# [What is needed]
Where the listing below reaches the line containing "WikiOO.org - Encyclopedia", start writing out lines exactly, and stop once the line containing "Light Salmon (2175-60)" has been written.

# [Supplied information]
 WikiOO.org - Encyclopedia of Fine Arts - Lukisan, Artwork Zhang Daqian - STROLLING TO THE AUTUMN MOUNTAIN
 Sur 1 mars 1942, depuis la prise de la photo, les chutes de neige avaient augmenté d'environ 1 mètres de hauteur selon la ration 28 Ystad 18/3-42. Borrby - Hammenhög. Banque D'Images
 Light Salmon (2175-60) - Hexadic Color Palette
--
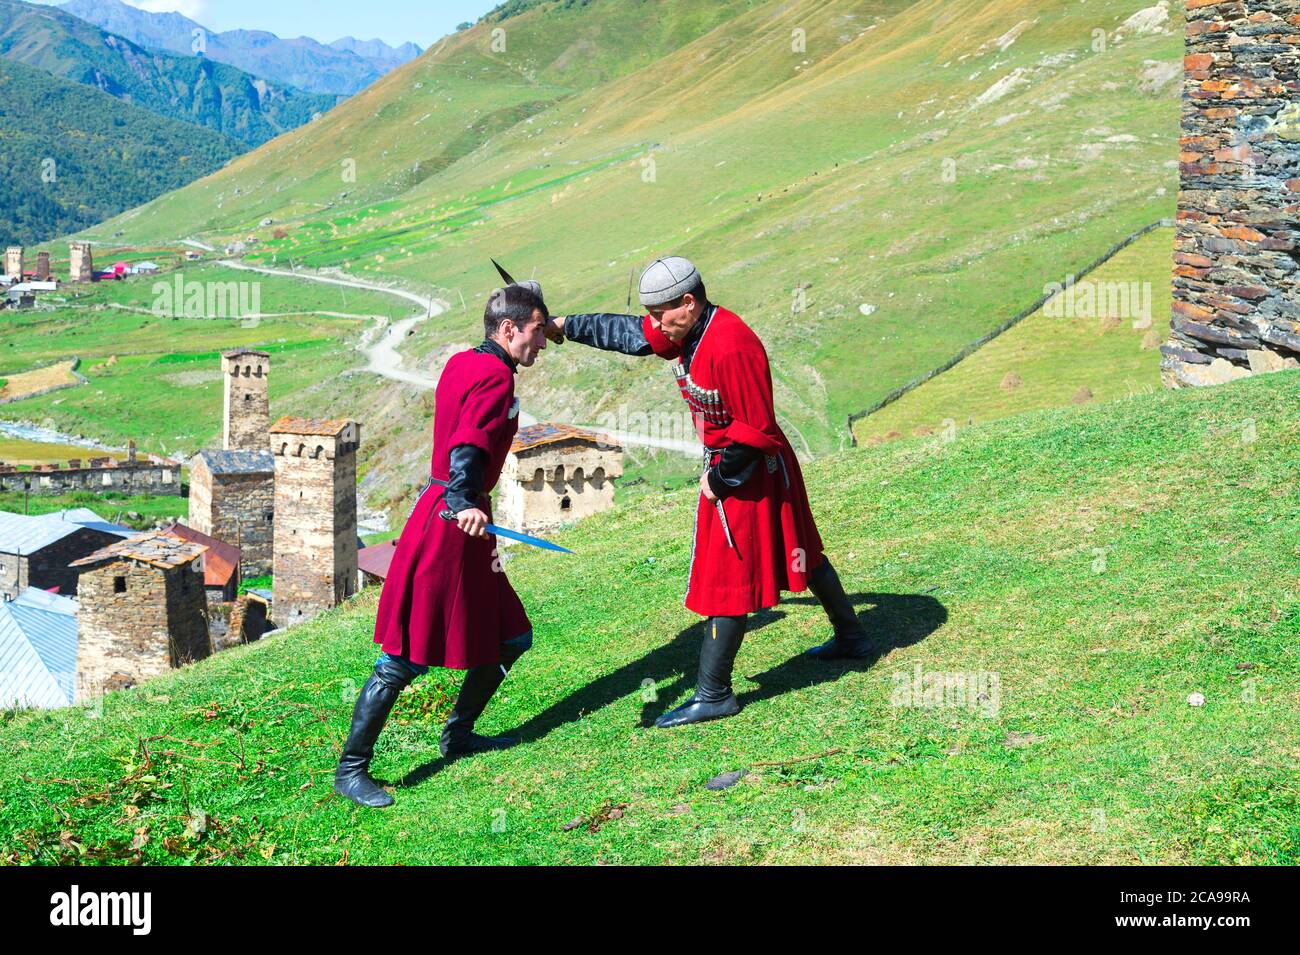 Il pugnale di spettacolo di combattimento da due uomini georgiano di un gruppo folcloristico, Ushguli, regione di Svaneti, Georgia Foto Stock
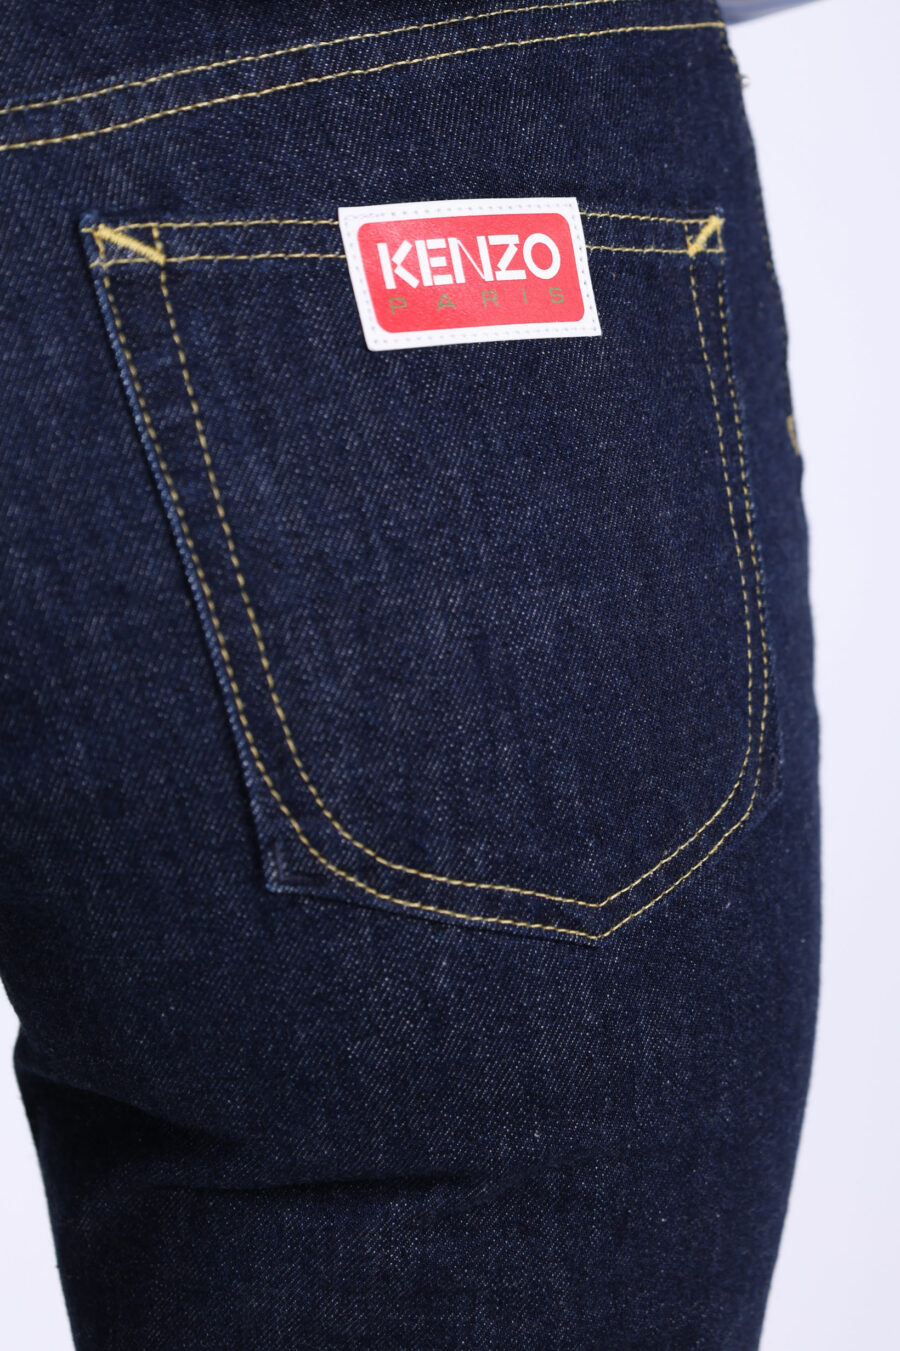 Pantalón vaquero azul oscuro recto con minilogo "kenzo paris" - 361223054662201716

# [Completed task]
 WikiOO.org - Encyclopedia of Fine Arts - Lukisan, Artwork Zhang Daqian - STROLLING TO THE AUTUMN MOUNTAIN
 Sur 1 mars 1942, depuis la prise de la photo, les chutes de neige avaient augmenté d'environ 1 mètres de hauteur selon la ration 28 Ystad 18/3-42. Borrby - Hammenhög. Banque D'Images
 Light Salmon (2175-60) - Hexadic Color Palette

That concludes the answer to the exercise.